C Spire "Fiber to the Home" makes communities beg for Gigabit Internet

Internet services provider C Spire announced this week it will begin rolling out gigabit Internet service to homes in Ridgeland, Mississippi sometime in 2014. Billing the move as a step towards creating the "Silicon South", C Spire chose Ridgeland because government officials and civic leaders had stepped up to welcome the company in. That model – in which customers, not companies, are placed in a position to lobby for the contract – echoes Google's approach when it started announcing Google Fiber last year.

This seemingly backwards sales model brings super-fast Internet to the communities who want it most, and shows exactly where the wholesale interest is located, which helps keep down costs. C Spire has created a PDF form for communities across the United States to fill out if they want to get in on the action early. The company currently has about 4,000 miles of fiberoptic cable, and the first service areas will be chosen based on vocal demand as well as geographic proximity to the system.

The company's chief competitor for gigabit Internet is Google, whose own already activated proving ground is Kansas City. Google has immediate plans to extend service throughout that metro area, as well as to Austin, TX and Provo, UT. Smaller companies have also taken hold in communities like Minneapolis, MN where USI Wireless is rolling out super-fast Internet to 10,000 homes. The upshot of all this is that entire networks, including your run-of-the-mill 10Mbps connections, can benefit from the increased load capacity, not just gigabit customers.

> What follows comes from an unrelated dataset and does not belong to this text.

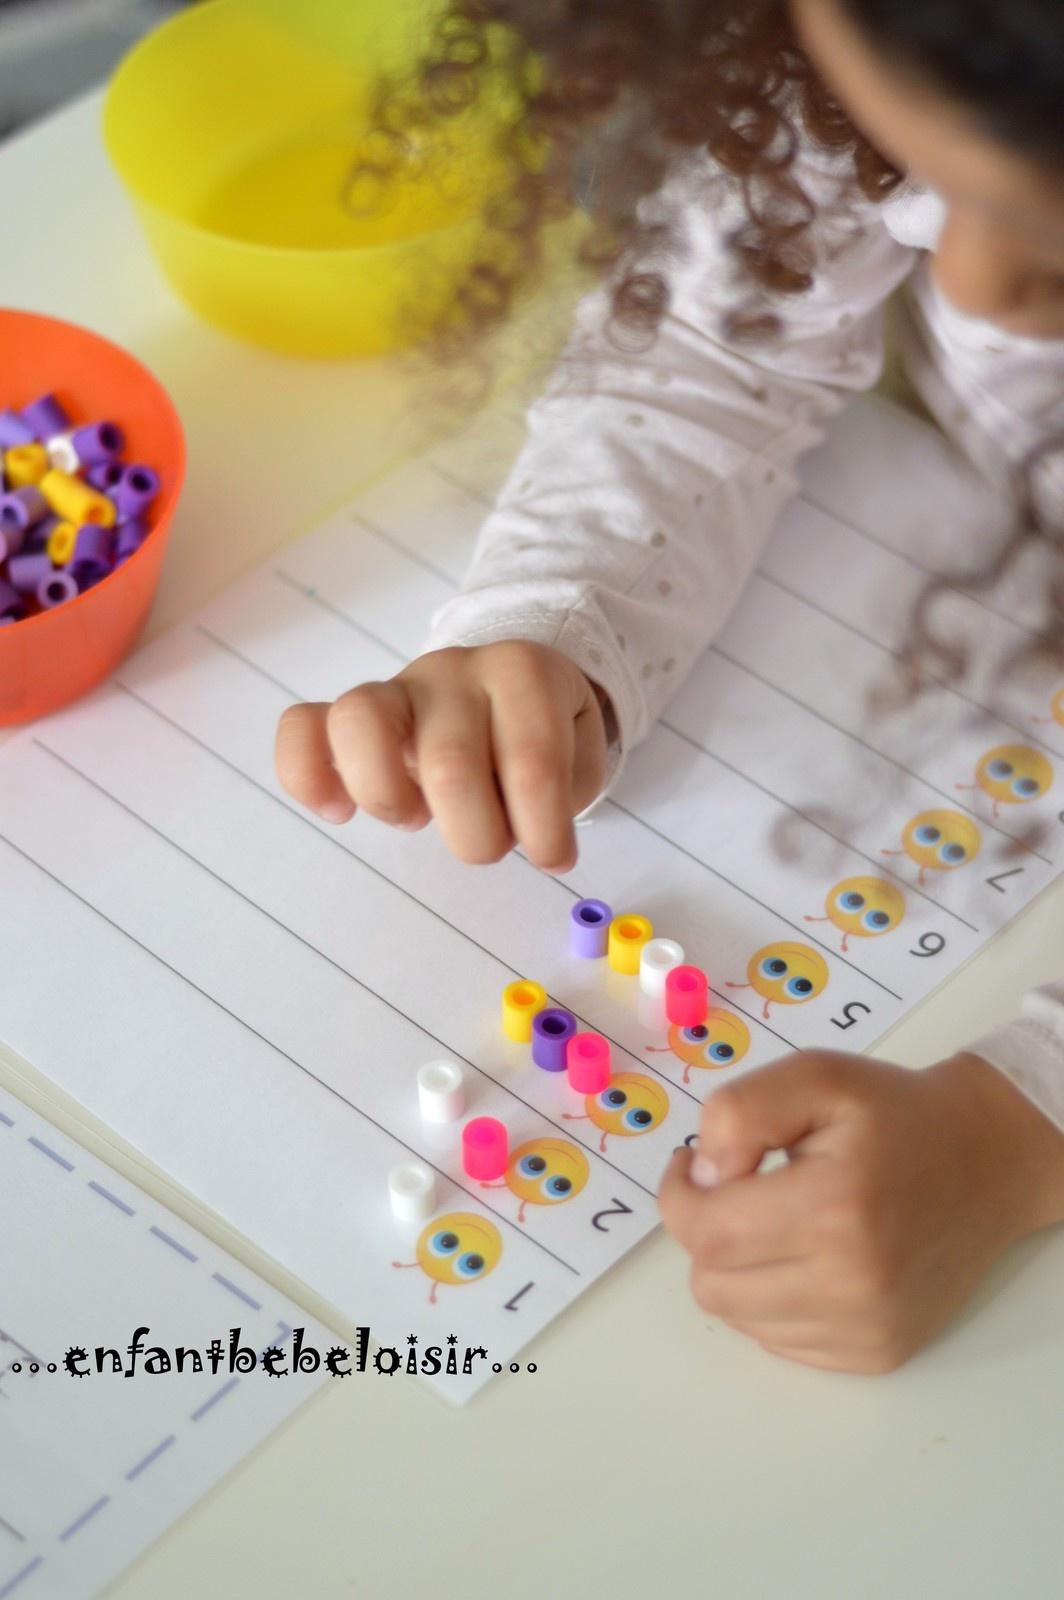 Fiche Exercice À Compter - Pdf À Imprimer - Enfant Bébé Loisir dedans Exercice Maternelle Petite Section
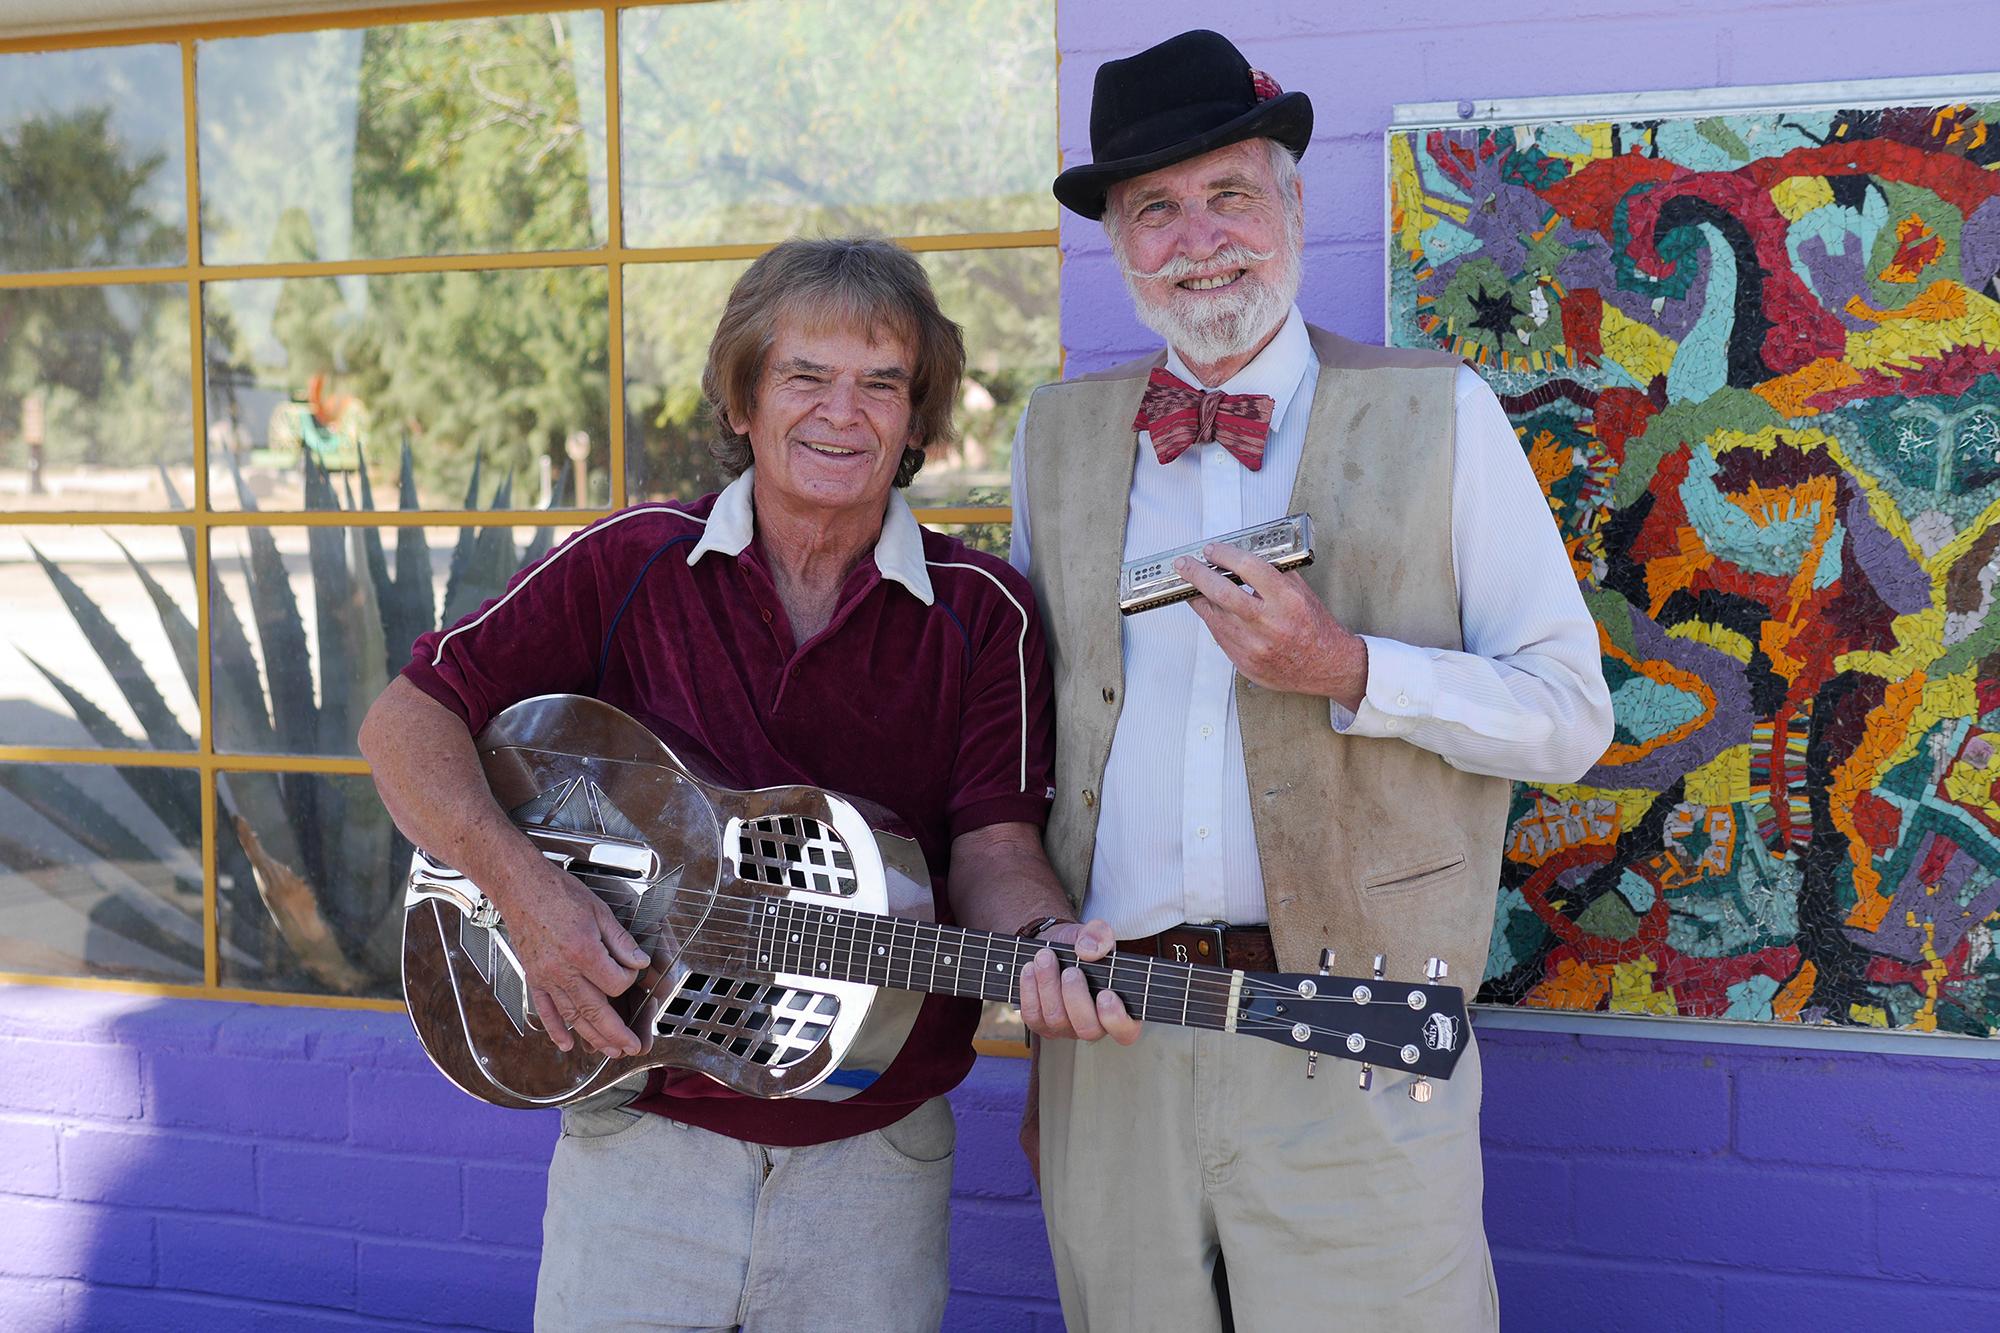 Bill & Bob - Live Music at 29 Palms Inn

Gigabit Internet is about 100 times faster than your typical 10Mb high-speed Internet connection. The most obvious technical benefit of this is faster video, theoretically allowing multiple video streams through one residential connection. The specific real-world applications the company lists include instant page loading, seamless gaming, and glitch-free conferencing, the last of which continues the world's unrelenting march towards total interconnectivity.